# Kiwi-Aussie Classification with IREP

In [1]:
import pandas as pd
import numpy as np

### Define our features and their distributions

In [2]:
features = {'Nationality':('Kiwi','Aussie'),
 'Funny_Accent':
    ('Yes','No'),
 'Waltzing':
    ('Yes','No'),
 'AU_Anthem':
    ('Yes','No','Some'),
 'Six':
    ('Properly','Seeks'), 
 'Fish_and_Chips':
    ('Normal','Feessh_and_Cheeps','Fush_and_Chups'),
 'Favourite':
    ('Vegemite','Marmite','Butter','Marmalade'),
 'Owns_X_Sheep':
    ('One','Two','Three','Many'),
 'Can_Fly':
    ('Yes','No','Briefly')
}
                
kiwi_dist = {'Nationality':(1,0),
  'Funny_Accent':
      (.8,.2),
  'Waltzing':
      (.6,.4),
  'AU_Anthem':
      (.05,.90,.05),
  'Six':
      (.8,.20),
  'Fish_and_Chips':
      (.4,.15,.45),
  'Favourite':
      (.35,.40,.10,.15),
  'Owns_X_Sheep':
      (.1,.3,.4,.2),
  'Can_Fly':
      (0,.9,.1)
 }
    
aussie_dist = {'Nationality':(0,1),
  'Funny_Accent':
      (.9,.1),
  'Waltzing':
      (.7,.3),
  'AU_Anthem':
      (.05,.85,.1),
  'Six':
      (.4,.6),
  'Fish_and_Chips':
      (.3,.05,.65),
  'Favourite':
      (.5,.25,.15,.1),
  'Owns_X_Sheep':
      (.2,.5,.1,.2),
  'Can_Fly':
      (0,1,0)
 }
             

### Generate Kiwis and Aussies

Generate arrays of random kiwis and aussies according to their feature distributions:

In [3]:
n_kiwis = 100
n_aussies = 100

kiwis = [ np.random.choice(options, n_kiwis, p=kiwi_dist[feature])
            for feature, options in features.items() ]

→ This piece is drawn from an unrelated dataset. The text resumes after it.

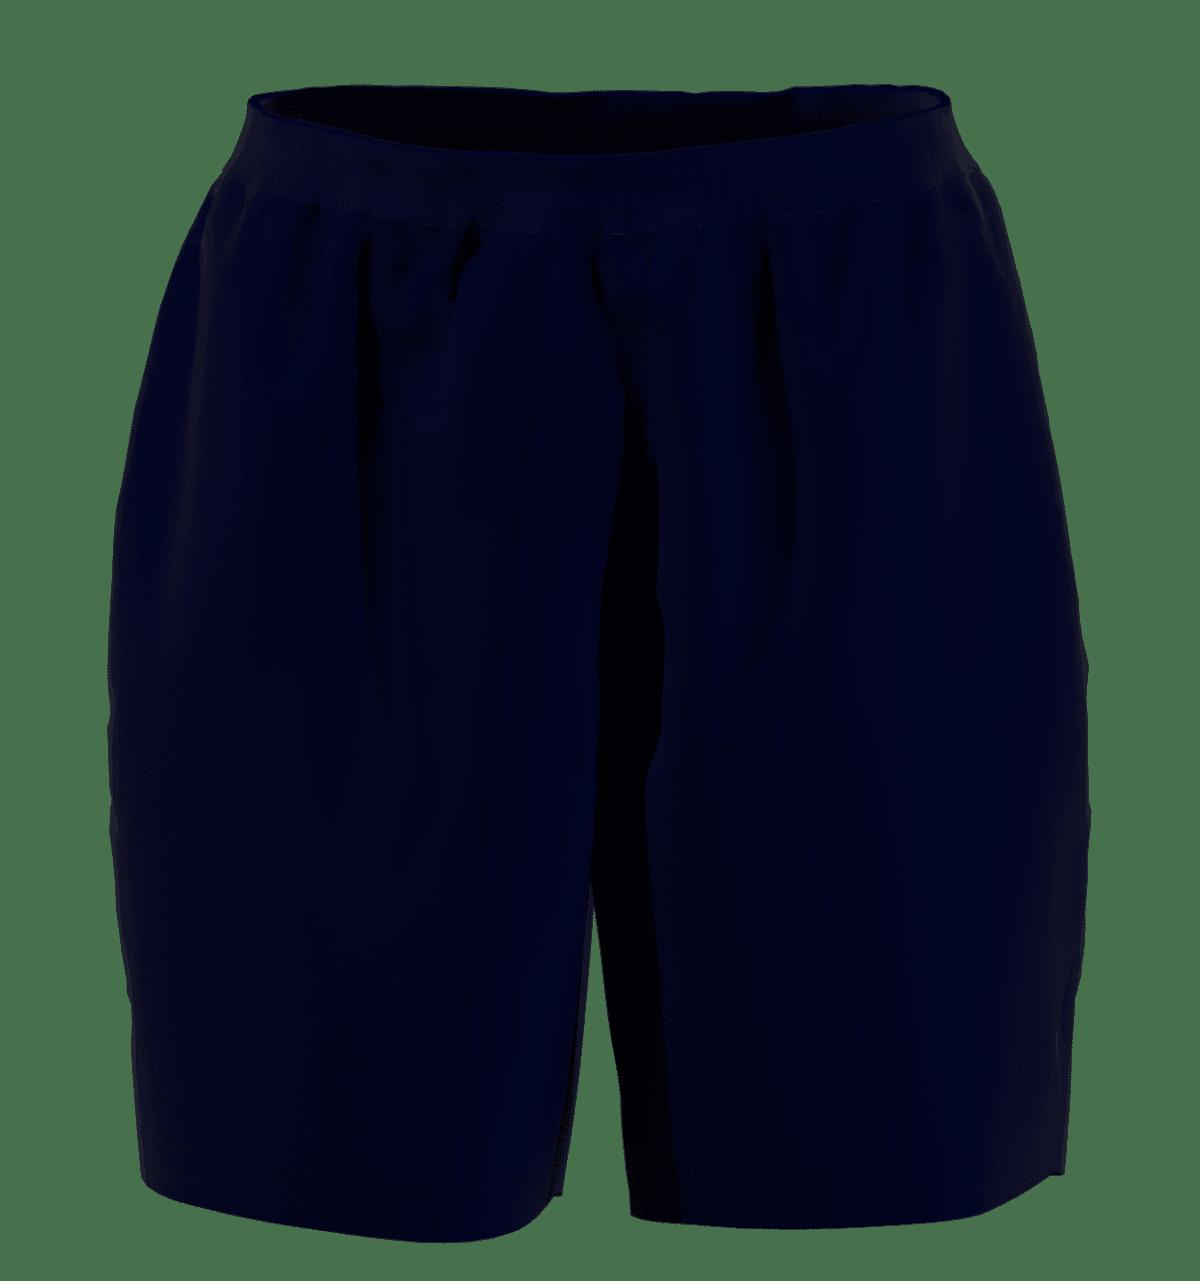 unisex sport shorts men 3d navy

aussies = [ np.random.choice(options, n_aussies, p=aussie_dist[feature])
            for feature, options in features.items() ]
              

In [4]:
kiwis = np.array(kiwis).T
aussies = np.array(aussies).T
everyone = np.concatenate((kiwis, aussies), axis=0)

Load everyone into pandas.

In [5]:
df = pd.DataFrame(columns=['Nationality','Funny_Accent','Waltzing','AU_Anthem',
                          'Six','Fish_and_Chips','Favorite',
                          'Own_X_Sheep','Can_Fly'], data=everyone)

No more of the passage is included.